BALA CYNWYD, Pa., March 30, 2023 (GLOBE NEWSWIRE) -- Brodsky & Smith reminds investors of the following investigations. If you own shares and wish to discuss the investigation, contact Jason Brodsky (jbrodsky@brodskysmith.com) or Marc Ackerman (mackerman@brodskysmith.com) at 855-576-4847. There is no cost or financial obligation to you.
Diffusion Pharmaceuticals Inc. (Nasdaq- DFFN)
Under the terms of the deal, Diffusion will merge with EIP Pharma Inc. (“EIP Pharma”). Immediately after the merger, the current equity and convertible debt holders of EIP Pharma are expected to own, in the aggregate, approximately 77.25% of the total number of outstanding shares of common stock of the combined company and the current stockholders of Diffusion are expected to own approximately 22.75%. The investigation concerns whether the Diffusion Board breached its fiduciary duties to shareholders by failing to conduct a fair process, including the dilution of Diffusion shareholders in the combined company.
Additional information can be found at https://www.brodskysmith.com/cases/diffusion-pharmaceuticals-inc-nasdaq-dffn/.
U.S. Xpress Enterprises, Inc. (NYSE – USX)
Under the terms of the agreement, U.S. Express will be acquired by Knight-Swift Transportation Holdings Inc. (NYSE - KNX) (“Knight-Swift”). U.S. Xpress stockholders will receive $6.15 per share in an all-cash transaction, representing an enterprise value of approximately $808 million.

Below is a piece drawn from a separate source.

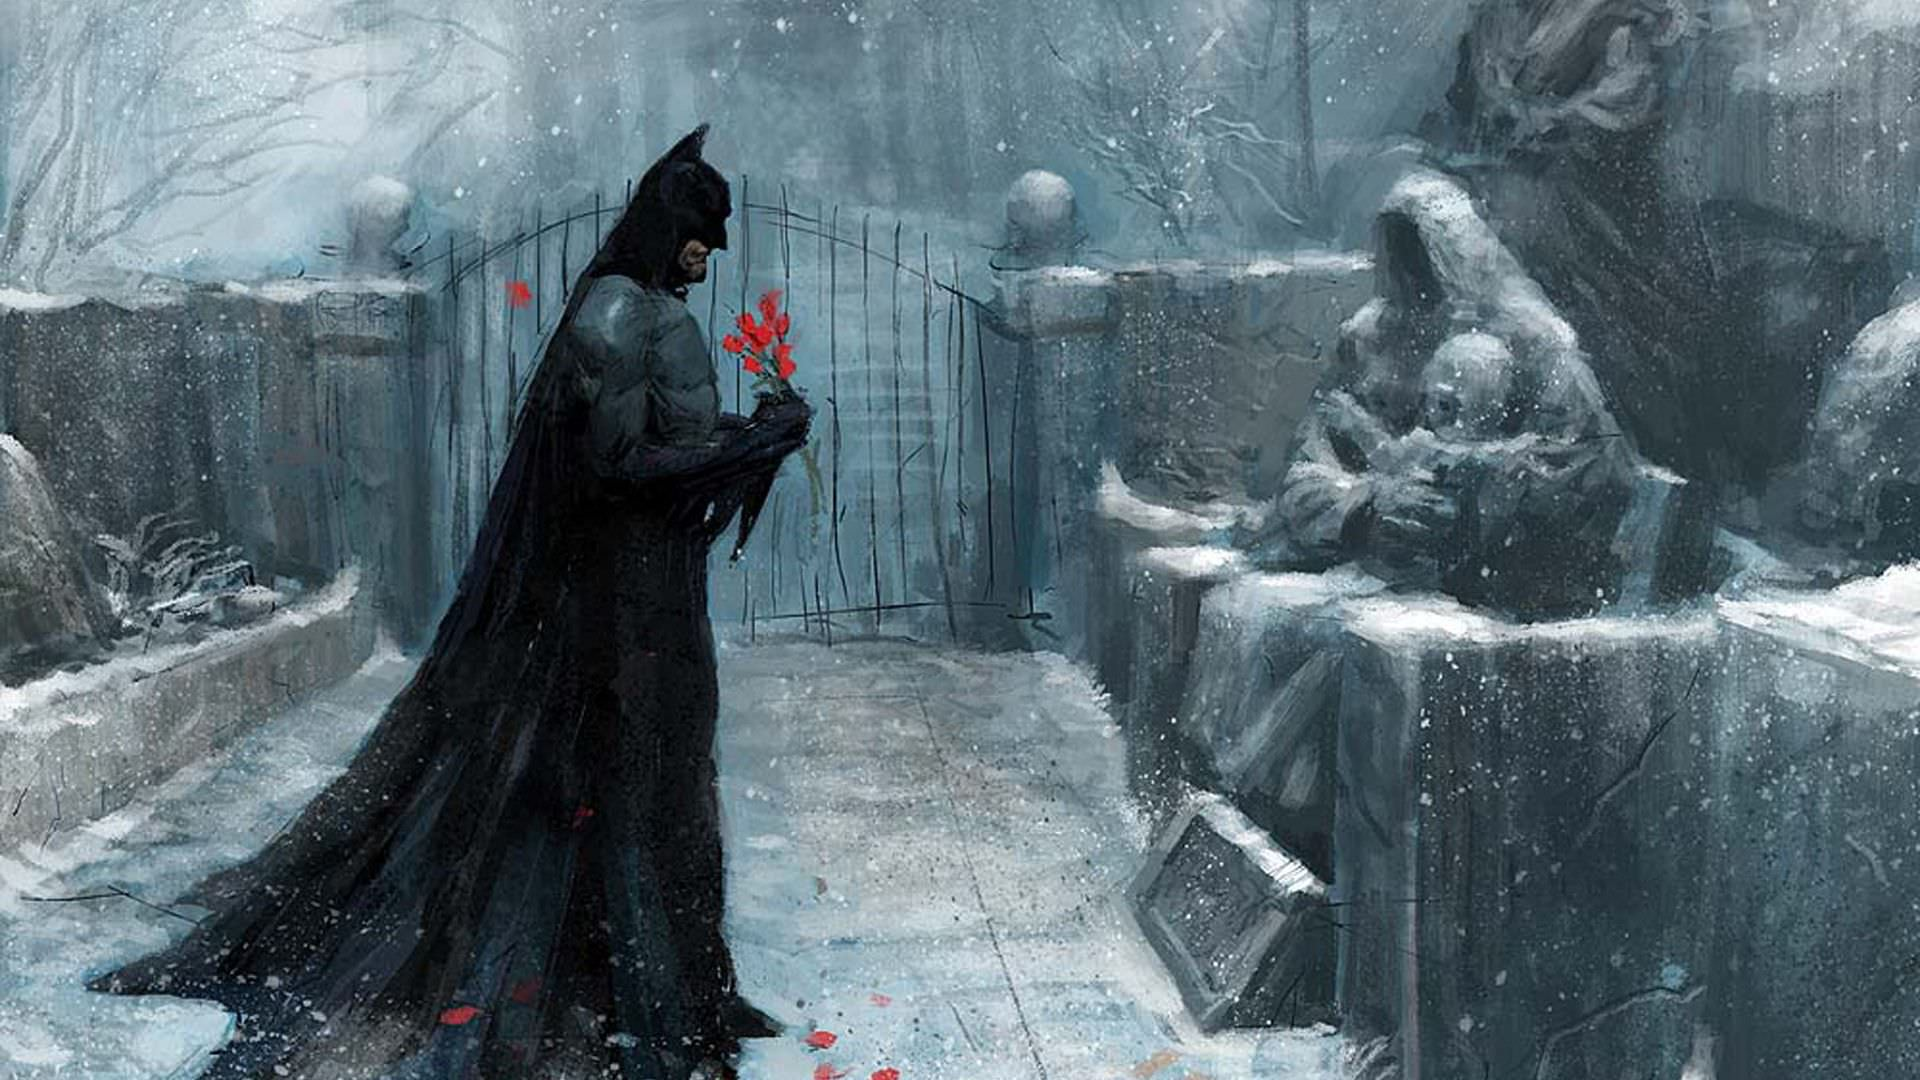 25 Batman Wallpapers Backgrounds Images Design 1920x1080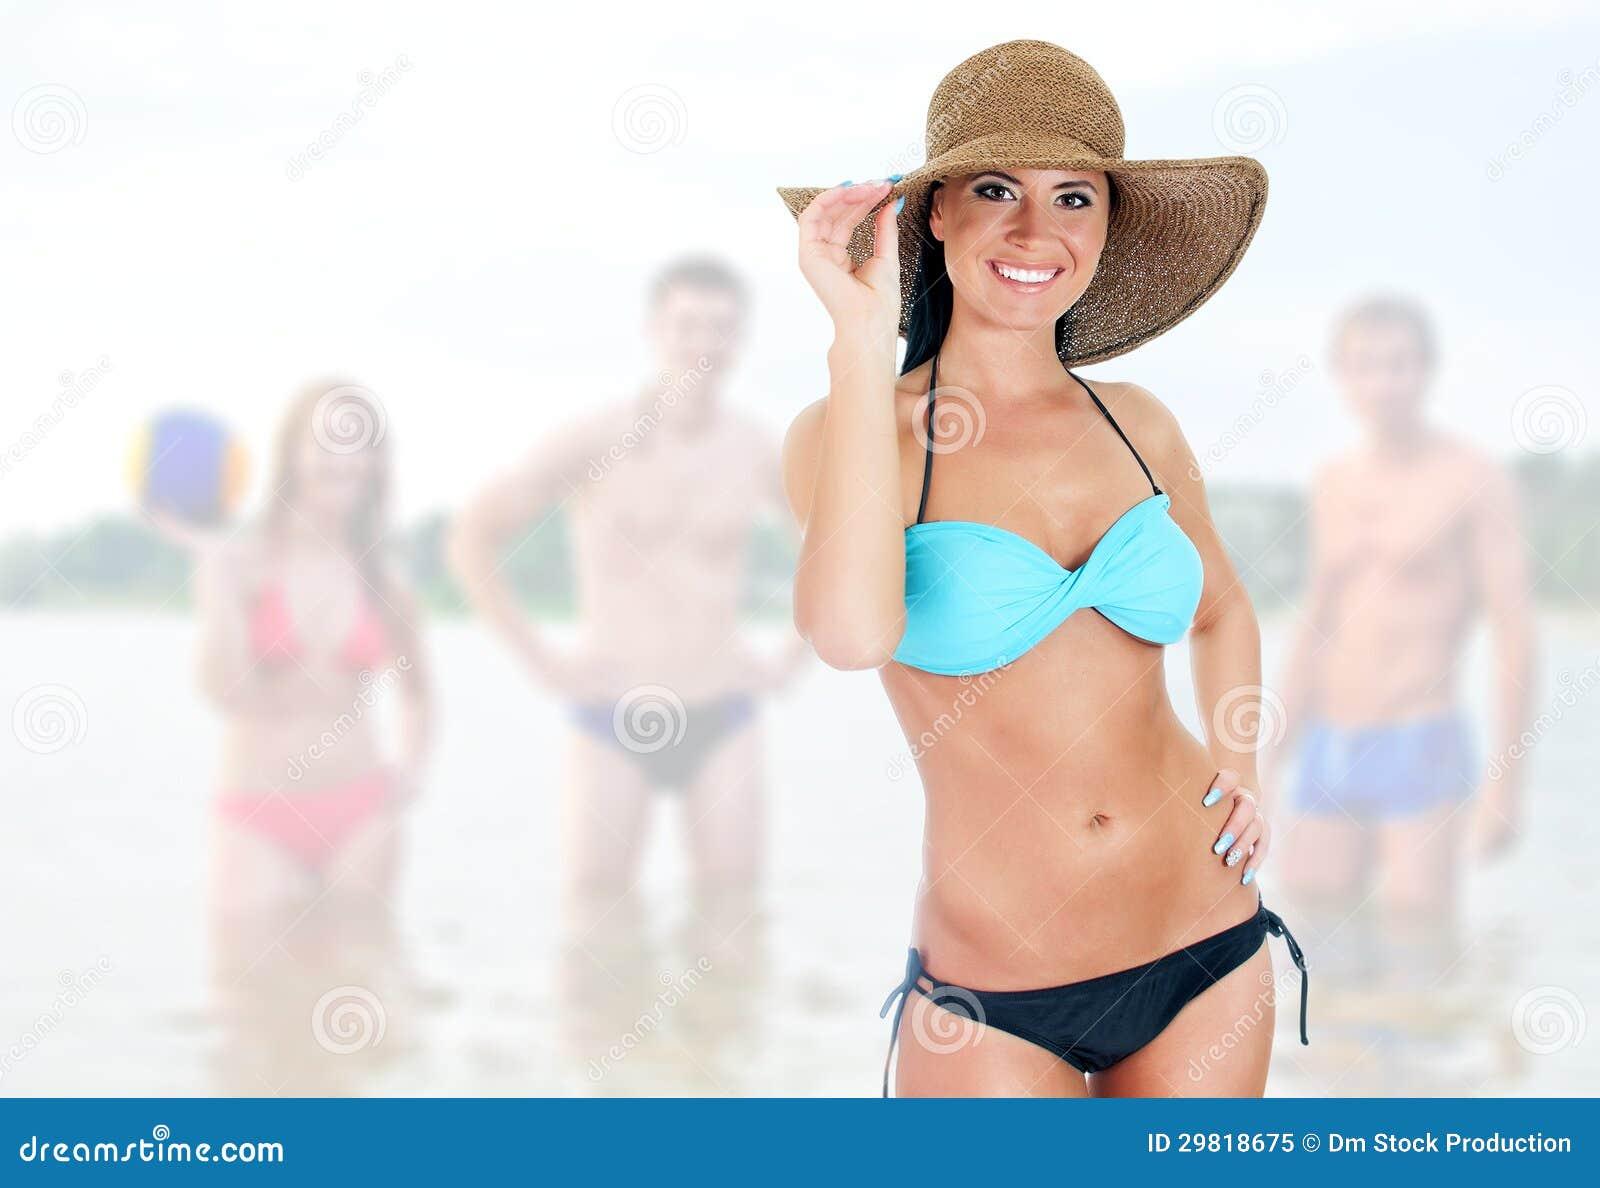 gratis sexchat be mooie vrouwen in bikini

The investigation concerns whether the U.S. Xpress Board breached its fiduciary duties to shareholders by failing to conduct a fair process, and whether Knight-Swift is paying too little for the Company.
Additional information can be found at https://www.brodskysmith.com/cases/u-s-xpress-enterprises-inc-nyse-usx/ .
TCR² Therapeutics Inc. (Nasdaq – TCRR)
Under the terms of the agreement, TCR² will merge with Adaptimmune Therapeutics plc. (“Adaptimmune”) (Nasdaq -ADAP). TCR² stockholders will receive 1.5117 Adaptimmune ADS for each TCR² share. Following the closing of the transaction, Adaptimmune shareholders will own approximately 75% of the combined company and TCR² stockholders will own approximately 25% of the combined company. The investigation concerns whether the TCR² Board breached its fiduciary duties to shareholders by failing to conduct a fair process, including the dilution to TCR² shareholders in the combined company.
Additional information can be found at https://www.brodskysmith.com/cases/tcr%c2%b2-therapeutics-inc-nasdaq-tcrr/.
Costar Technologies, Inc. (OTC – CSTI)
Under the terms of the Merger Agreement, Costar will be acquired by IDIS Co., Ltd. (“IDIS”). Under the terms of the agreement, Costar stockholders will receive $5.00 to $5.38 per share in an all-cash transaction. The investigation concerns whether the Costar Board breached its fiduciary duties to shareholders by failing to conduct a fair process, and whether IDIS is paying too little for the Company.